Large-eddy simulation of separated turbulent flows over a three-dimensional hill using WRF and OpenFOAM

It is not clearly known about the limitations of the large-eddy simulation (LES) mode of an atmospheric model (WRF) in predicting the microscale flows for engineering purpose. This study chooses a typical separated turbulent flow past a three-dimensional axisymmetric hill and investigates the performance of WRF-LES in comparison with the popular CFD solver (OpenFOAM). The numerical models and conditions are set similarly between the two codes. The instantaneous visualization shows that both WRF-LES and OpenFOAM-LES can produce the primary flow features, including hairpin vortices, horseshoes, and surface-shear-induced vortices at different scales, with high similarity. Nevertheless, the turbulent kinetic energy in the near wake produced by WRF-LES is underestimated, in comparison with WRF-LES. The energy spectra suggest that WRF-LES using the high-order advection schemes has a stronger capacity of generating and maintaining small-scale turbulent motions than OpenFOAM-LES. Furthermore, the deviation of numerical dissipation behavior is examined between the two solvers.

Automated summary

The limitations of large-eddy simulation (LES) mode in predicting microscale flows for engineering purposes in an atmospheric model (WRF) are not well understood. This study compared the performance of WRF-LES with the popular CFD solver (OpenFOAM) using a typical separated turbulent flow past a three-dimensional axisymmetric hill.
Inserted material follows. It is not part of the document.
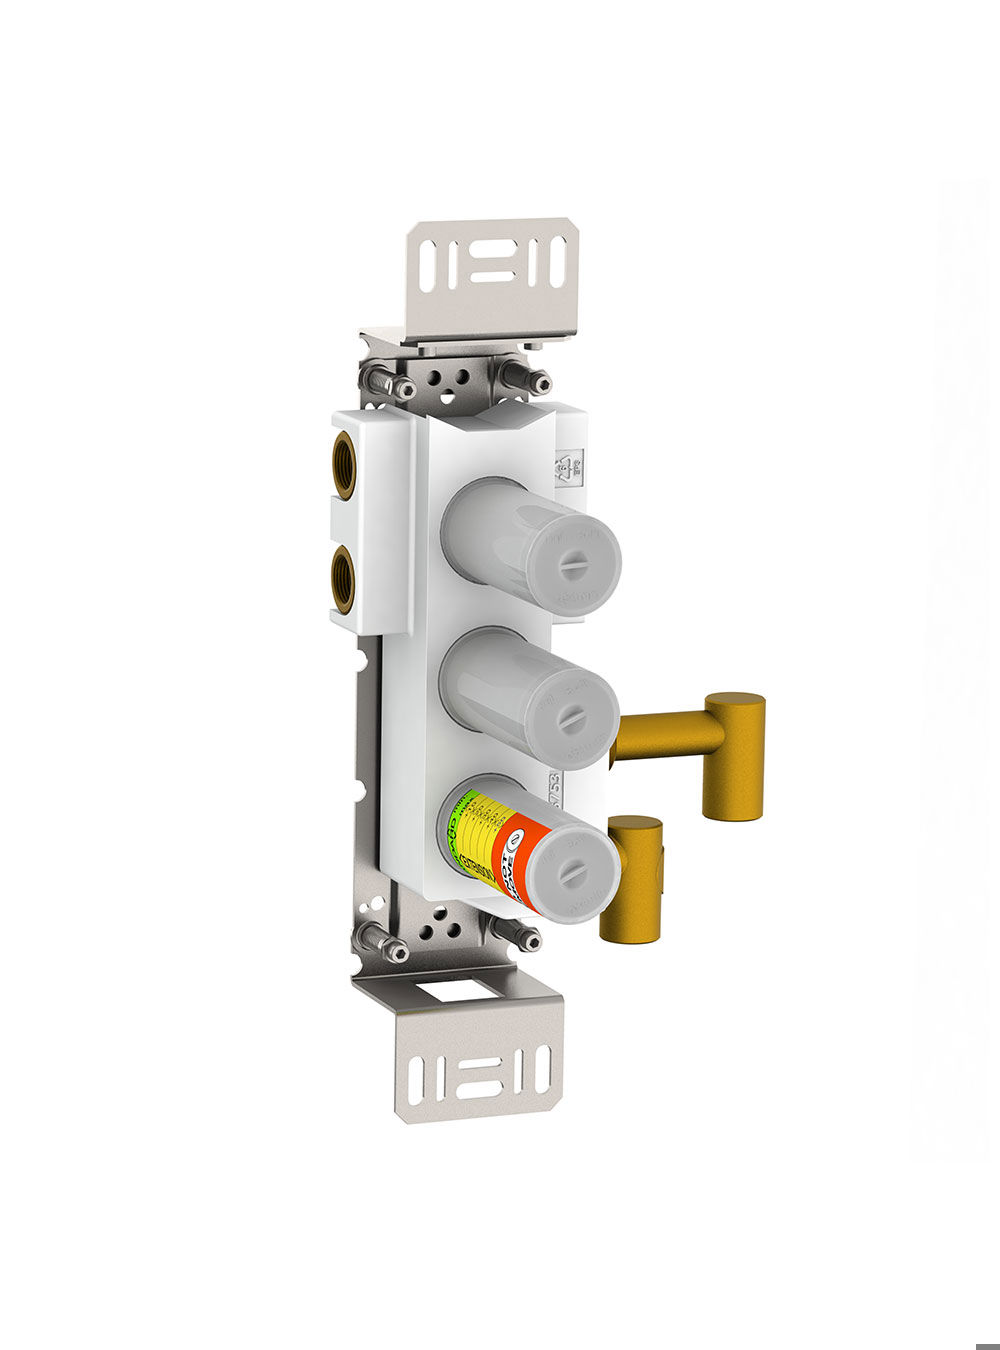 5600VA4: 4-vägs termostatblandare, lodrätt montage.¾" anslutning för CU-, stål- eller pexrör.

The results showed that both models were able to produce the primary flow features with high similarity, but WRF-LES underestimated the turbulent kinetic energy in the near wake compared to OpenFOAM-LES. The energy spectra suggested that WRF-LES had a stronger capacity for generating and maintaining small-scale turbulent motions than OpenFOAM-LES. Additionally, the deviation of numerical dissipation behavior between the two solvers was examined.